L’hommo-créator
Dans la brise du matin, le bruissement des palmes vibre l’air d’un cliquetis d’étoffe rigide. Les martins croassent et dans le lointain, le vrombissement d’un hélicoptère annonce le départ des riches touristes vers le massif du volcan. L’hiver austral a posé sa fraîcheur sur le parc. Le temps est suspendu au réveil de la ville. L’odeur du café ramène à soi et, peu à peu, la conscience perce la ouate de l’habitude de vivre. Qui suis-je ?
Je ne suis pas ce corps dont quelques heures auparavant, dans l’oubli du sommeil, je n’avais qu’une inconscience résiduelle. Je ne suis pas mes peurs qui s’évanouissent par instant pour mieux revenir m’assaillir. Je ne suis pas mes pensées qui me traversent en fulgurance avant de retourner d’où elles sont venues. Je ne suis pas mes sentiments qui ne cristallisent en « réalité » que sous la pression d’un mental assoiffé et insatiable.
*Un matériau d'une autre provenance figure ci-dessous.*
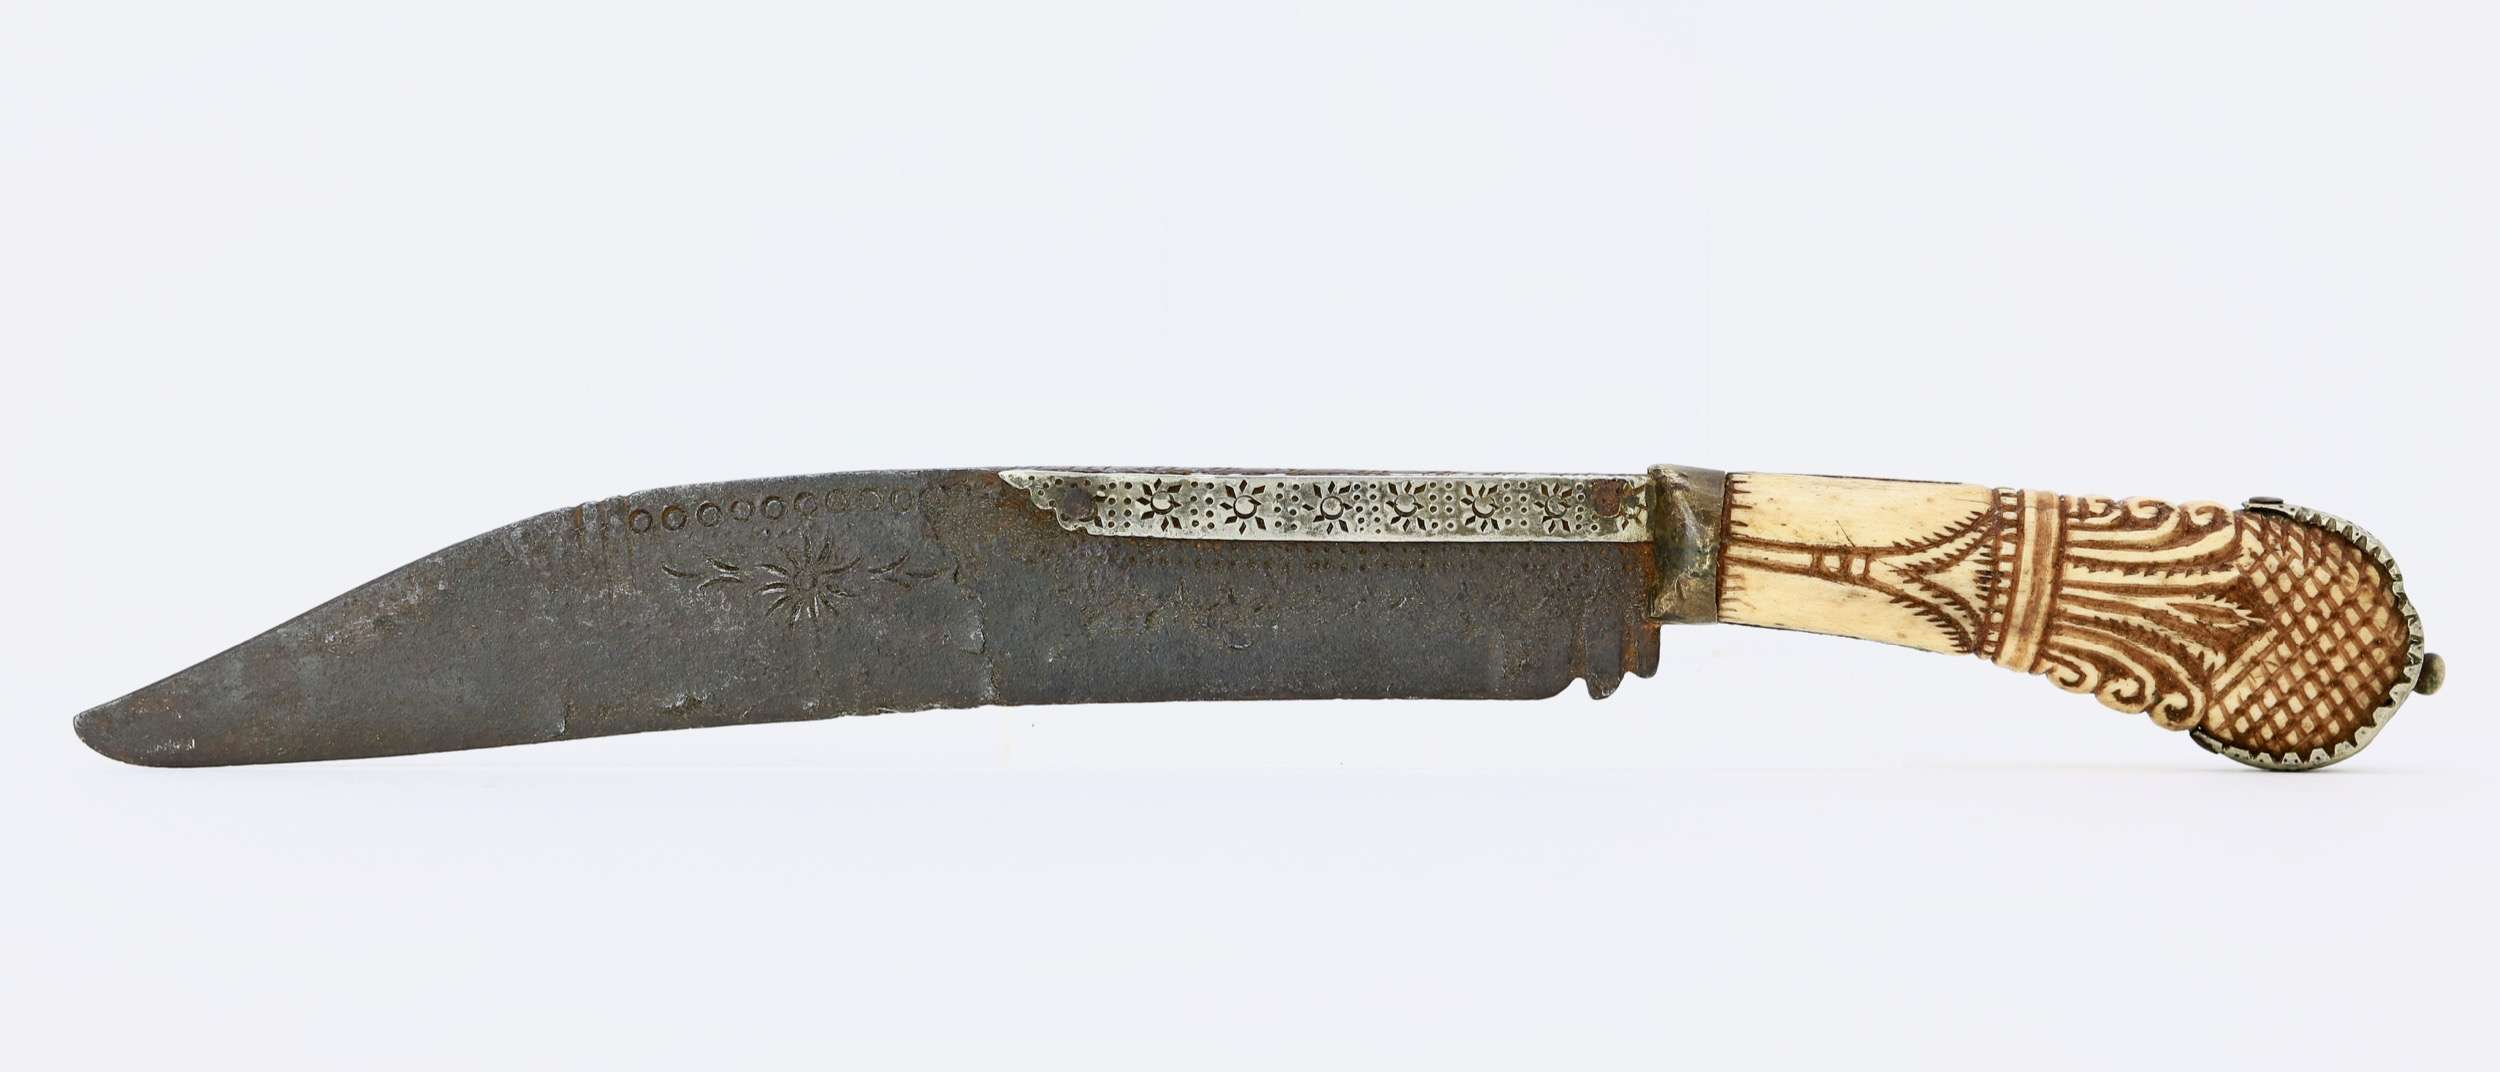 Sinhalese knife

Pourtant derrière la fenêtre de mes yeux, de mes oreilles, de mon odorat, de mon goût et de la sensation de mes doigts sur le clavier patiente l’Etre, dont l’attention inconditionnelle prouve la vigilance et suggère la présence légère. La ténuité de l’Etre et son effacement amoureux dans ce que nous nommons « la vie humaine » nous caresse avec une telle permanente douceur qu’il n’est possible de l’entendre que dans l’absolue paix du cœur et le renoncement à la volonté du mental.
L’Etre que nous sommes en Vérité, établi dans sa parfaite immortalité, n’est pas pressé ! Se sachant créateur, il infuse d’amour chaque goutte d’eau pour dissoudre le granit le plus dur. La coquille commence à fendre et de l’intérieur de l’œuf, la lumière transpire déjà. Les rats, éclairés par l’aurore naissante deviennent progressivement visibles et paniquent devant la conscience de leur enfermement et le dévoilement de leur forfaiture. Mais la lumière brille pour tous. Ils pourront eux aussi, sans doute, renoncer à leurs peurs et à leur parasitisme pour s’établir dans l’opulence infinie de leur divinité créatrice.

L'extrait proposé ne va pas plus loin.